Видел Публий и другие сны, уступающие этому только меньшей масштабностью панорамы, но столь же удручающие дух. Состояние его быстро ухудшалось, стали одолевать пронзительные головные боли. Однажды он сказал Лелию: «Меня опоили каким-то зельем или околдовали, я умираю». И тут ему впервые довелось увидеть своего друга в гневе. «Да, я вижу, что на тебя и впрямь напустили чары и замутили твою память! — закричал Лелий. — Ты забыл, кто ты есть, забыл свое имя, забыл себя! А чего стоит тело без духа и воли Сципиона! Пусть умирает, его не жалко! То-то порадуется Ганнибал, когда узнает, что единственный полководец, который его превосходит, скончался от суеверий или от опьяненья соком какой-то старушечьей травки!»
19
Тем временем Луций Марций победоносно шествовал по Южной Испании, едва успевая принимать капитуляцию от бывших пунийских союзников. Только один городок неожиданно оказал яростное сопротивление. Однако похвальный патриотизм его жителей растворился втуне: слишком мал и слабосилен был этот город, а потому никто не стал разбираться в чувствах его жителей, никого не интересовал их героизм. Римляне пошли на приступ и быстро преуспели.

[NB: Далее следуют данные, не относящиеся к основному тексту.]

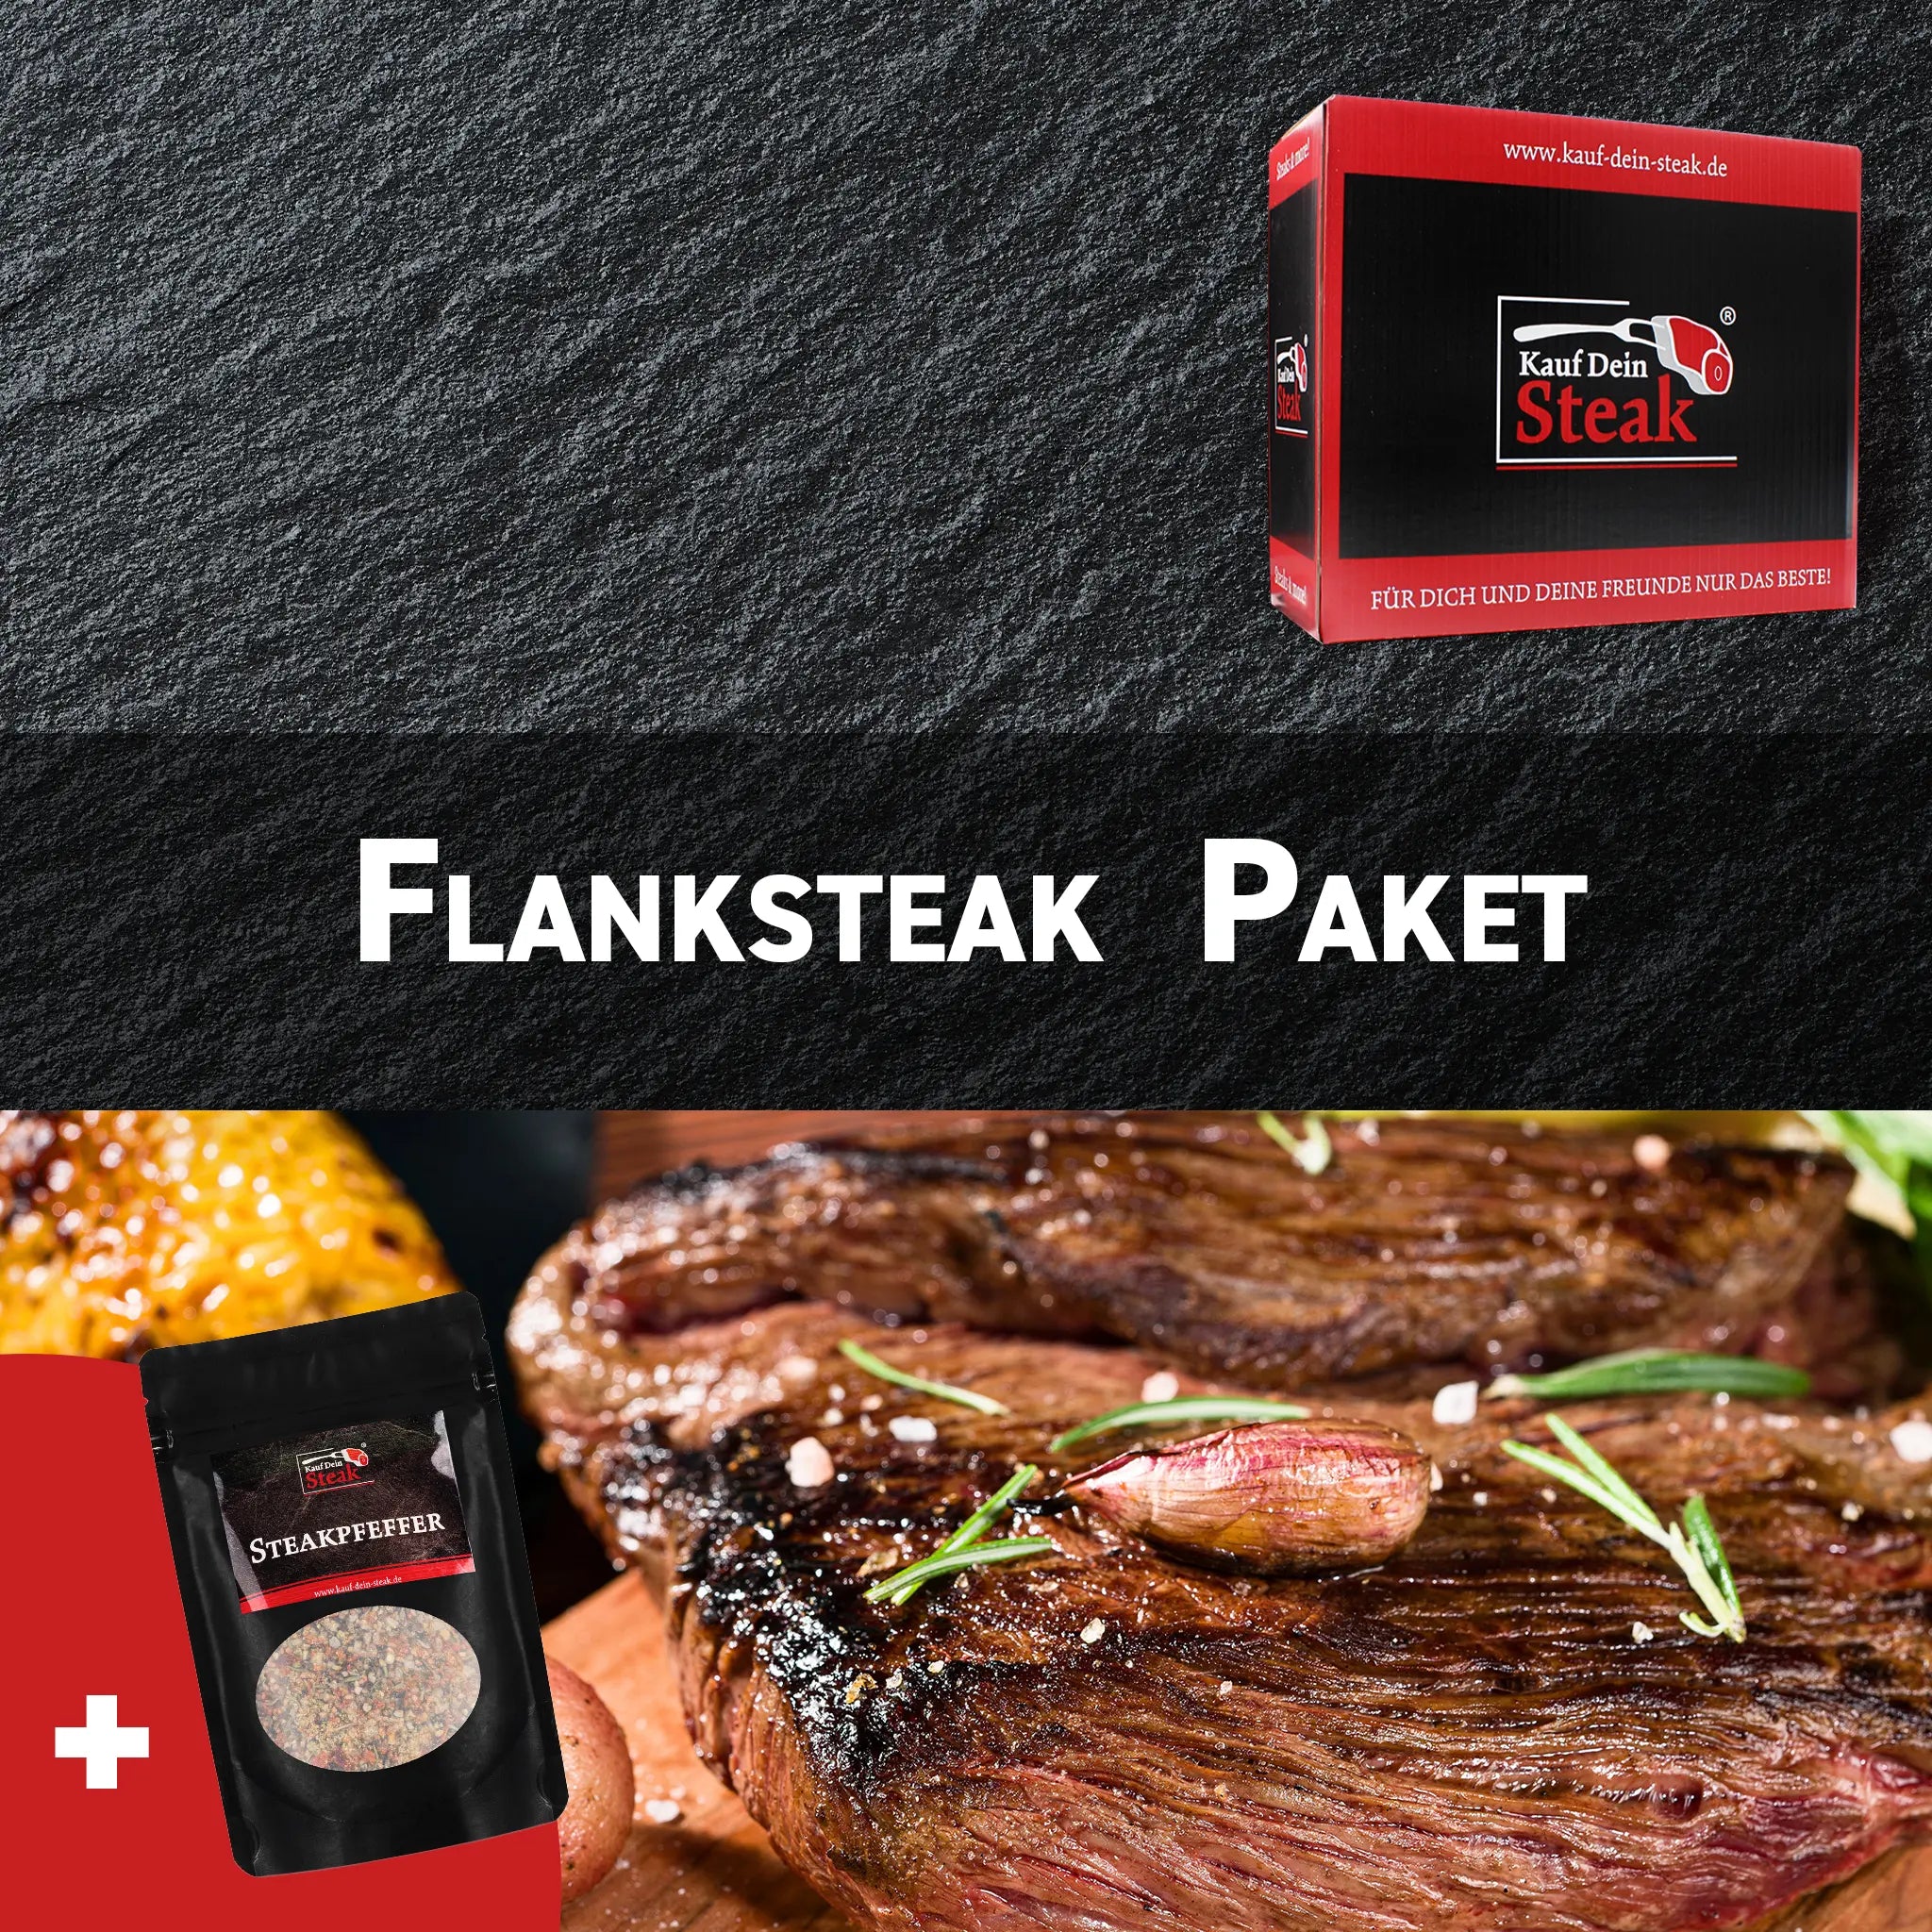 6 x Flanksteak + Steakpfeffer

Вскоре во всей провинции наступил мир, лишь в Гадесе на острове вновь засел Магон, и коренные жители города никак не могли от него избавиться. Но одно событие, казалось бы, далекое от вопросов войны и мира, неожиданно всколыхнуло всю Испанию, побудив иберов к восстанию. Многие испанские вожди, которые недавно восхваляли Сципиона, возлежа на пиршественных ложах и вкушая от его гостеприимства, теперь возликовали, услышав о его тяжелой болезни. Столь высок был авторитет Сципиона, что варварам казалось, будто все могущество римлян в Испании зиждется только на его талантах. Первыми подняли мятеж Индибилис и Мандоний, которые однажды уже винились перед Сципионом в измене и клялись ему в верности на будущее. Когда до них дошли слухи, как всегда преувеличенные, о тяжелом состоянии проконсула, они возомнили себя царями Испании. Долгий гнет пунийцев, наконец, рухнул, а новые завоеватели еще не успели укорениться в этой стране, потому наступивший момент, особенно с учетом предполагаемой смерти Сципиона, представлялся им наиболее благоприятным для великих дерзаний. Эти могущественные вожди были уверены, что с избавлением от чужеземцев никто в Испании не сможет им противостоять. Играя на естественном свободолюбии своих соотечественников, они взбунтовали несколько племен и, вторгшись в земли римских союзников, прошли по ним «огнем и мечом».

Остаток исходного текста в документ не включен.